Personal information
- Nationality: British
- Born: 11 May 1971 (age 55) Northampton, United Kingdom

Sport
- Country: Great Britain
- Sport: Powerlifting
- Event: -48 kg Category

Medal record
Representing Great Britain
Men's powerlifting
Paralympic Games
| Gold medal – first place | 2000 Sydney | −48 kg |
| Bronze medal – third place | 1992 Barcelona | −48 kg |
| Bronze medal – third place | 1996 Atlanta | −48 kg |
IPC World Championships
| Silver medal – second place | 1994 Uppsala | −48 kg |
| Silver medal – second place | 1998 Dubai | −48 kg |

= Anthony Peddle =

British Paralympic Powerlifter

Anthony Peddle (born 11 May 1971) was a British Paralympic powerlifter. Peddle competed in seven Summer Paralympic Games a record number for a British athlete. He won gold at the 2000 Games in Sydney and a bronze medal in both the 1992 and 1996 Games.

==Personal history==
Peddle was born in Northampton in 1971. He has spina bifida.

==Sporting career==
Peddle took up weightlifting whilst a teenager. At the age of 17 he was selected to compete for the Great Britain team at the 1988 Summer Paralympics at Seoul. Four years later he won his first Paralympic medal, a bronze in the 52kg weightlifting at Barcelona. In 1994 Peddle won silver at the IPC Powerlifting World Championships in Uppsala in the 48 kg category. He then added a second Paralympic bronze medal at the 1996 Game in Atlanta. He continued his run of medals with another second place at the 1998 IPC Powerlifting World Championships.
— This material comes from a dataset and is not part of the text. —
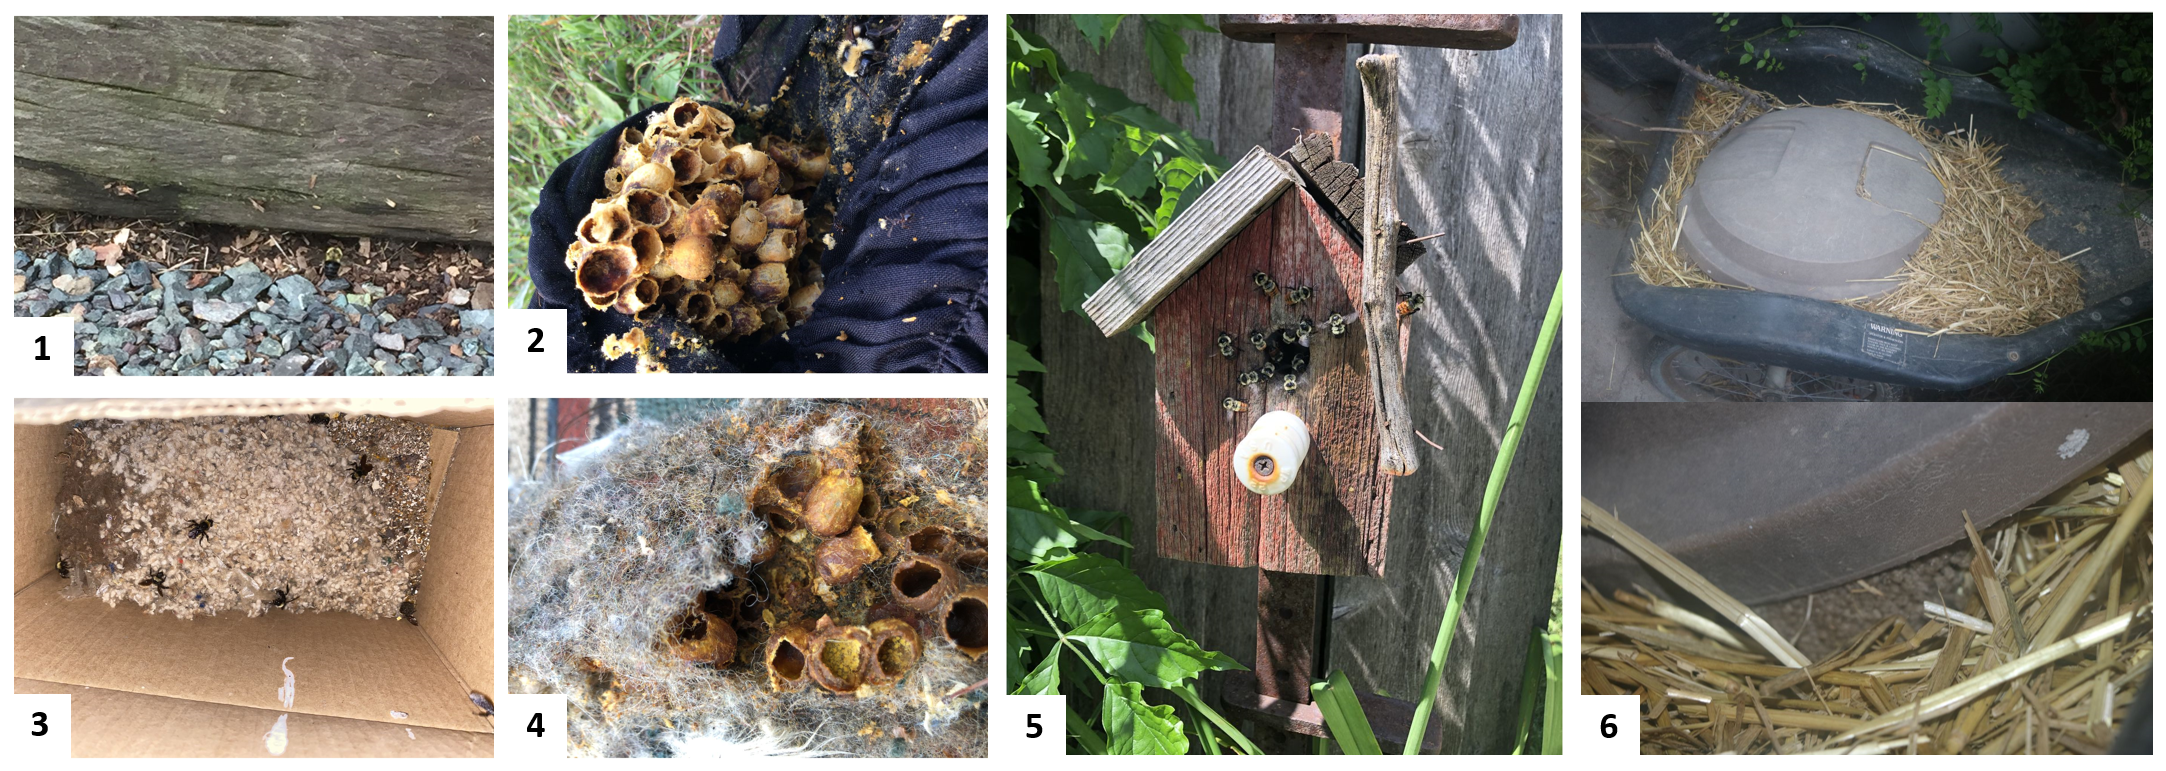 "A series of 6 images showing different human-made structures utilized by bumble bees as nesting locations, (1) under a deck, (2) in fabric stored in a shed, (3) in a cardboard box, (4) in a stored horse saddle, (5) in a birdhouse, and (6) in a cart of dried hay under a plastic lid"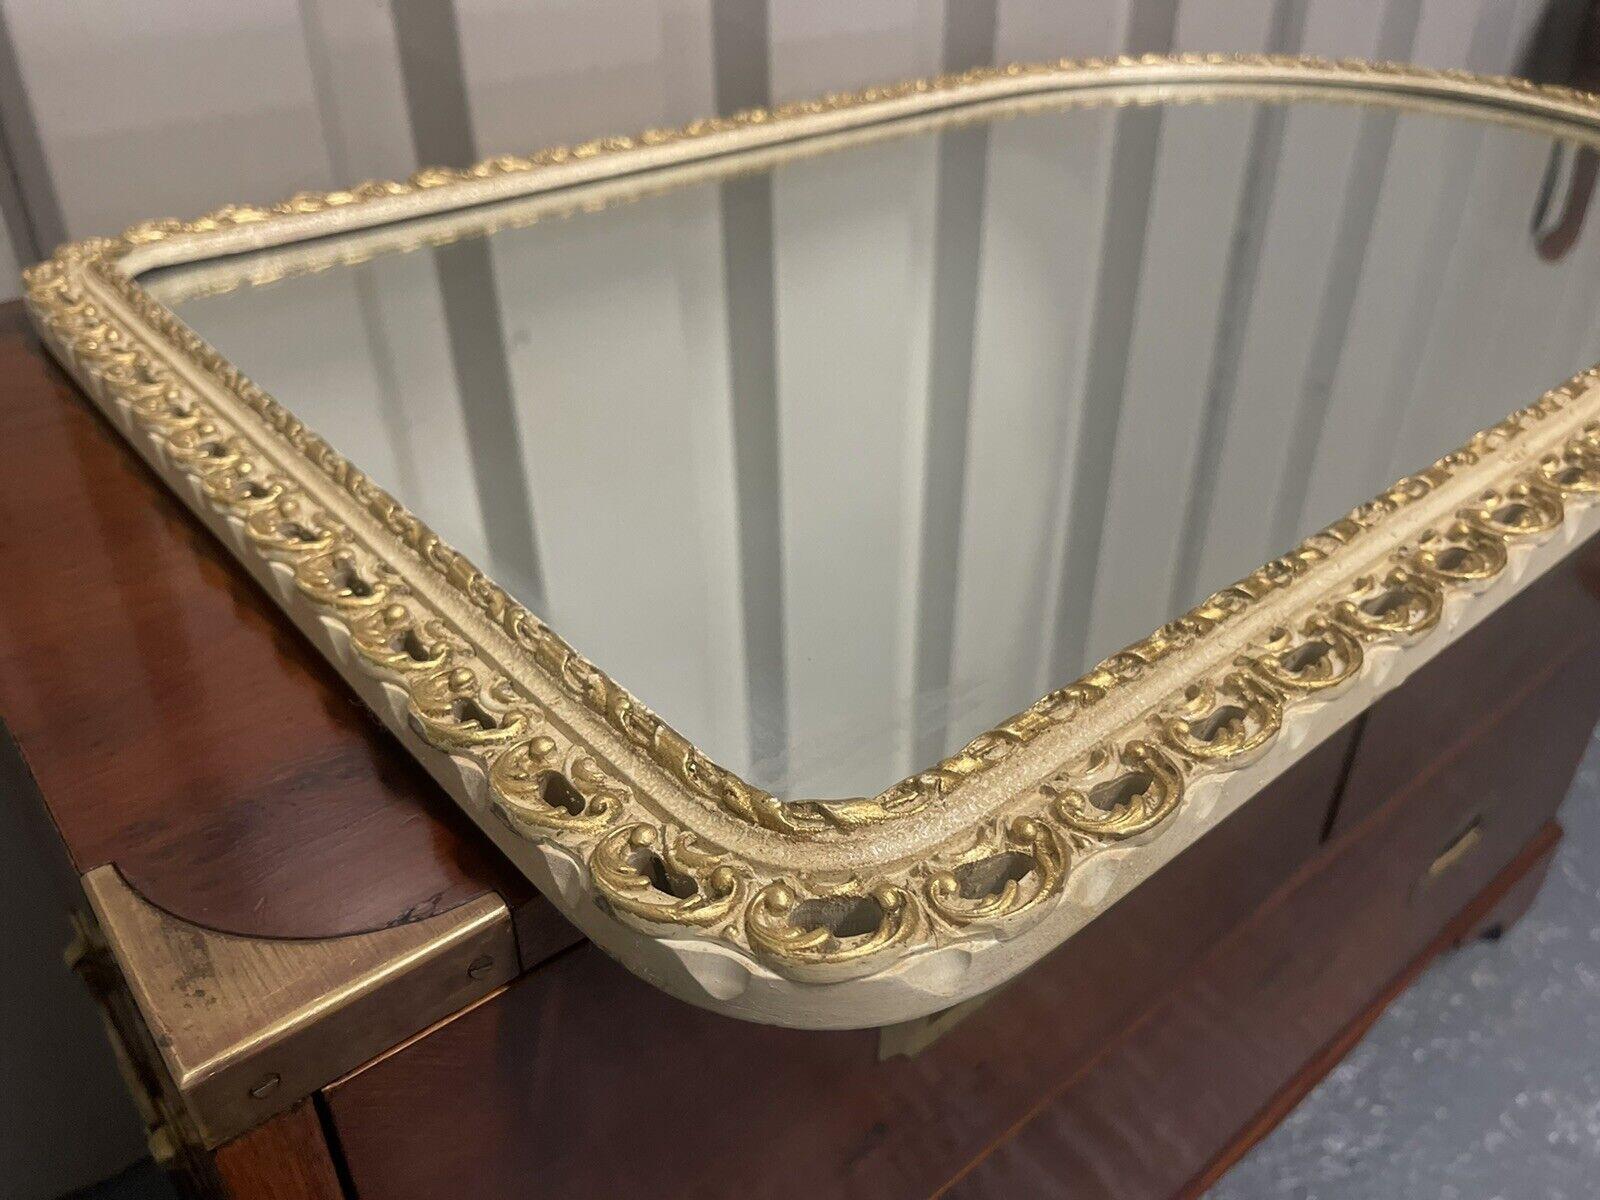 Hand-Crafted Vintage John ''Halls Galvo'' Cream and Gold Gilt-wood Wall Mirror, 1950's For Sale

At the 2000 Summer Paralympics in Sydney, Peddle set a new world record of 168 kg in the -48 kg, winning the gold medal in the process. This would be his last major medal though Peddle would go on to compete in three more Paralympics ending his career on home soil at the 2012 Games in London. As well as representing Great Britain, Peddle took part in one Commonwealth Games as part of the England team. There he competed in the Bench Press, finishing eleventh.